The UK’s currently suspended nuclear plants are due to return to service in January and March, according to operator EDF, the French state-backed utility firm. However, as noted above, most of the UK’s nuclear fleet is set to retire during the 2020s, with only Sizewell B in Suffolk due to still be operating by 2030. Hunterston is scheduled to retire by 2023 and Dungeness by 2028.

Set against these losses, the UK has a pipeline of offshore windfarms, secured via “contracts for difference” with the government, at a series of auctions. The most recent auction, in September 2019, saw prices below £40 per megawatt hour – similar to current wholesale electricity prices.

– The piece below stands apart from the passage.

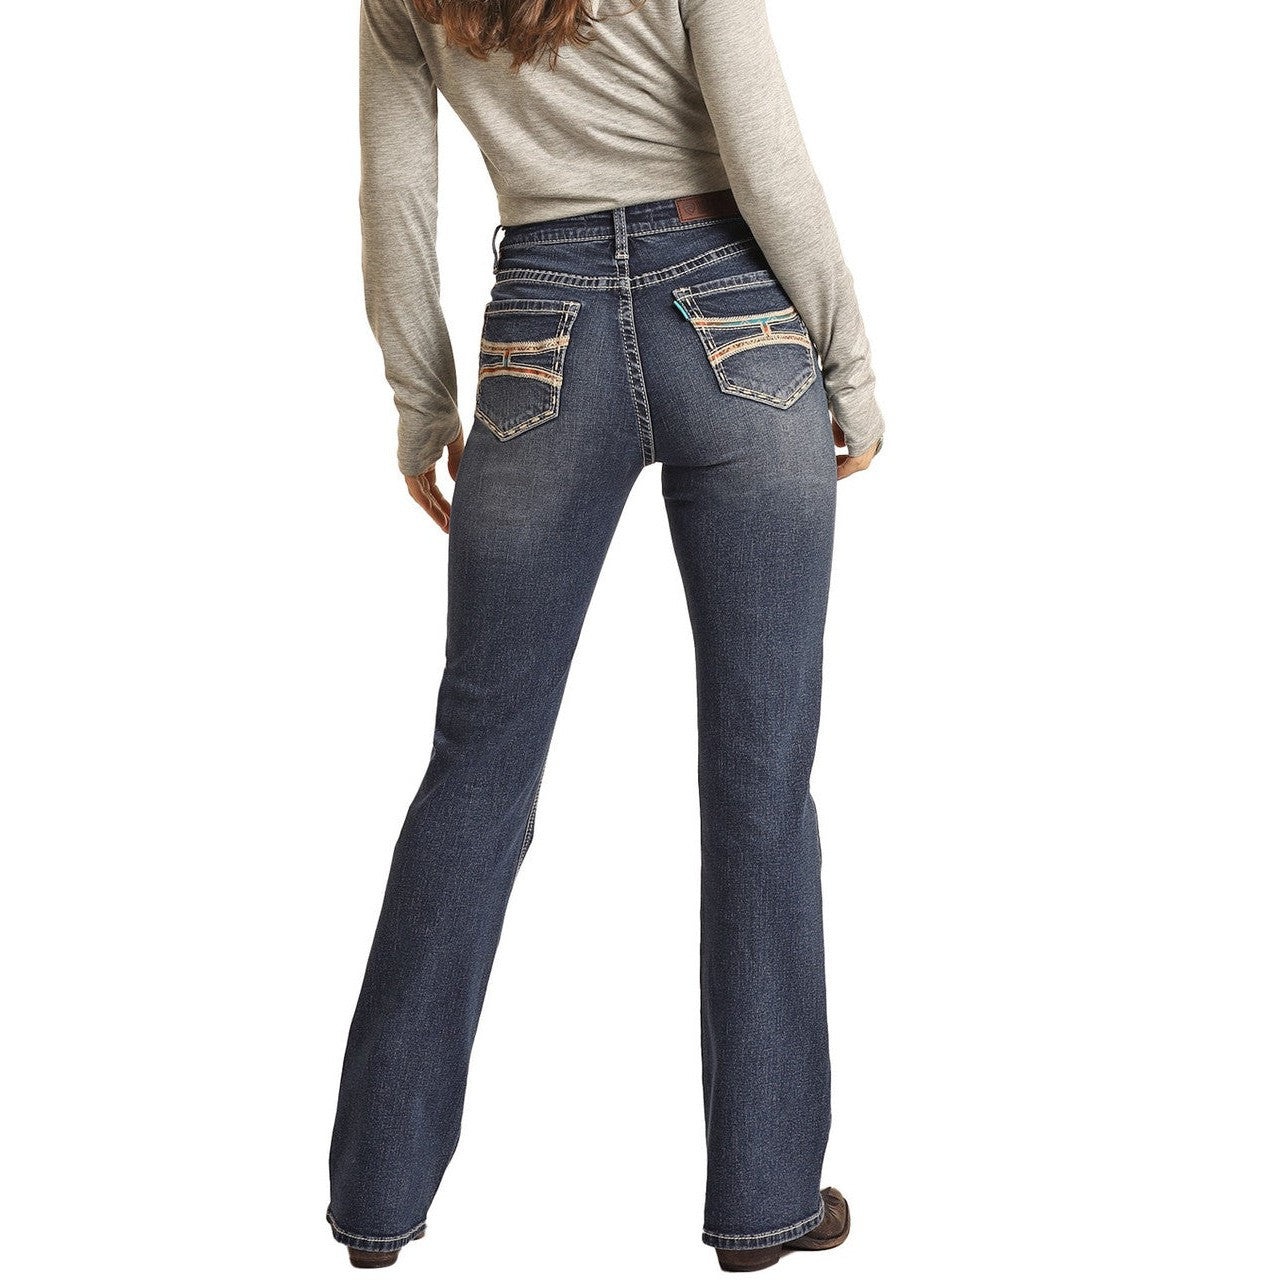 Hooey Women's Mid Rise Stretch Bootcut Jeans - Medium Vintage

However, the capacity contracted so far is not sufficient to meet the government’s target of 40GW by 2030, meaning further auctions – or some other policy mechanism – will be required.

Coal zero
As well as the switch between wind and nuclear, 2019 also saw coal fall below solar for the first time across a full year, echoing the 2016 moment when wind outgenerated coal across the UK, after it suffered another 60% reduction in electricity output. Just six coal plants remain in the UK, with Aberthaw B in Wales and Fiddlers Ferry in Cheshire closing in March.

Coal accounted for just 2% of UK generation in 2019, a record-low coal share since centralised electricity supplies started to operate in 1882. The fuel met 40% of UK needs as recently as 2012, but has plummeted thanks to falling demand, rising renewables, cheaper gas and higher CO2 prices.

The reduction in average coal generation hides the fact that the fuel is now often not required at all to meet the UK’s electricity needs. The chart below shows the number of days each year when coal output was zero in 2019 (red line) and the two previous years (blue).

 Cumulative number of days when UK electricity generation from renewable sources has been higher than that from fossil fuels. Source: BEIS energy trends, BM Reports and Carbon Brief analysis. Chart by Carbon Brief using Highcharts.
The 83 days in 2019 with zero coal generation amount to nearly a quarter of the year and include the record-breaking 18-day stretch without the fuel.

Great Britain has been running for a record TWO WEEKS without using coal to generate electricity – the first time this has happened since 1882.

The country’s grid has been coal-free for 45% of hours in 2019 so far.https://www.carbonbrief.org/countdown-to-2025-tracking-the-uk-coal-phase-out …

Coal generation was set for significant reductions around the world in 2019 – including a 20% reduction for the EU as a whole – according to analysis published by Carbon Brief in November.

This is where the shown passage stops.